===== Record excerpts

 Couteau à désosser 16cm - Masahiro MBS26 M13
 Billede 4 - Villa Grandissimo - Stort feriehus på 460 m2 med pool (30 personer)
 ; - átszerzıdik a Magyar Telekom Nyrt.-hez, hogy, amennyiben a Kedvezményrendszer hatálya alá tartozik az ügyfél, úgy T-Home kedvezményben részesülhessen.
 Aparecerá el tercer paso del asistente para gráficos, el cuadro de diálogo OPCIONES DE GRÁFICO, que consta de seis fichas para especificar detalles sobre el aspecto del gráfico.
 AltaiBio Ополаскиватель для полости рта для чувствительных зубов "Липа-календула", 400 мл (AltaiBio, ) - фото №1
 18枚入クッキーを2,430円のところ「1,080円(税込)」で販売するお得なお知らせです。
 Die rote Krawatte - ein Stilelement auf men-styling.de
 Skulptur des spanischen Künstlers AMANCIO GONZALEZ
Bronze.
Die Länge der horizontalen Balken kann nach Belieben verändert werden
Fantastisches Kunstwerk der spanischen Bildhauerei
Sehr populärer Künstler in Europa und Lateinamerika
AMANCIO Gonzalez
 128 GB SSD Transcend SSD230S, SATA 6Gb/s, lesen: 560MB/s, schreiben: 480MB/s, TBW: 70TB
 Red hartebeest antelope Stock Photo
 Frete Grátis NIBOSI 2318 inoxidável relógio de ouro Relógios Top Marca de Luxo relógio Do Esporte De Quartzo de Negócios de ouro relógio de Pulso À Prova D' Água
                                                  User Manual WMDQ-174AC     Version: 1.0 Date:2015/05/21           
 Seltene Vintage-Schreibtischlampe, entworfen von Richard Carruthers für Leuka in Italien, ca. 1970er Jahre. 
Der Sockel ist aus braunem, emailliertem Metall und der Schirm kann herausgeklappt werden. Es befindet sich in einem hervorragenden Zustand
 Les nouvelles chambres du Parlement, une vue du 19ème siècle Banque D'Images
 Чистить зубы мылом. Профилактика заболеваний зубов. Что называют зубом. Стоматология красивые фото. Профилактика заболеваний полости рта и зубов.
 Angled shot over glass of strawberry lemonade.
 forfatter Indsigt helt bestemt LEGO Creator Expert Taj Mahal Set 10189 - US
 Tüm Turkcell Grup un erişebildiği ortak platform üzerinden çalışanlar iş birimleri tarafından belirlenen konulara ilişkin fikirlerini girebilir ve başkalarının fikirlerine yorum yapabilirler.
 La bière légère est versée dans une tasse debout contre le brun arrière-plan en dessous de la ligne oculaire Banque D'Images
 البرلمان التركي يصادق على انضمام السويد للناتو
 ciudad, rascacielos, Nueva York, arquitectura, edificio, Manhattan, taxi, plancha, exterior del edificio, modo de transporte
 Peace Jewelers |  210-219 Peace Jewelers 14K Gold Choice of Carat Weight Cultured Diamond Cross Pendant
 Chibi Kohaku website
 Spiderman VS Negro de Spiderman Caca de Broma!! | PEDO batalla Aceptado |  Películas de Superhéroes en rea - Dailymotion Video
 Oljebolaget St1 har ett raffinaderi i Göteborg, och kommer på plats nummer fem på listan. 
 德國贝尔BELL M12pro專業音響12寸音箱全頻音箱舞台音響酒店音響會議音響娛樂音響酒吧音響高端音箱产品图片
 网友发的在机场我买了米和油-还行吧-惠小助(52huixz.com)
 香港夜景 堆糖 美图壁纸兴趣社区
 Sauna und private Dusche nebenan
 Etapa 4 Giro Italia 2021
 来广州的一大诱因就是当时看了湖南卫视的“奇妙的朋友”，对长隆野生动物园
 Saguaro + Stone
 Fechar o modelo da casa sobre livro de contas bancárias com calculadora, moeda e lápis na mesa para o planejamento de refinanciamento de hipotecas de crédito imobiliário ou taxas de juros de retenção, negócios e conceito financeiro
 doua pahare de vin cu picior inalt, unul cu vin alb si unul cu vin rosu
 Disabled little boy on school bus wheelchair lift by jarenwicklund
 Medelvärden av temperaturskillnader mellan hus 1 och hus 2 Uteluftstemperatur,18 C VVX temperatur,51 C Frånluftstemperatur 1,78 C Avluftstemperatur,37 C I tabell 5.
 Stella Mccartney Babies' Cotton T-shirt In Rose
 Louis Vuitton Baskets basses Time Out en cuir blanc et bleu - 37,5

==========

> _What you need to do_
Filter the data above down to lines with the word "spanischen", and copy them.

> _Expected answer_
 Skulptur des spanischen Künstlers AMANCIO GONZALEZ
Fantastisches Kunstwerk der spanischen Bildhauerei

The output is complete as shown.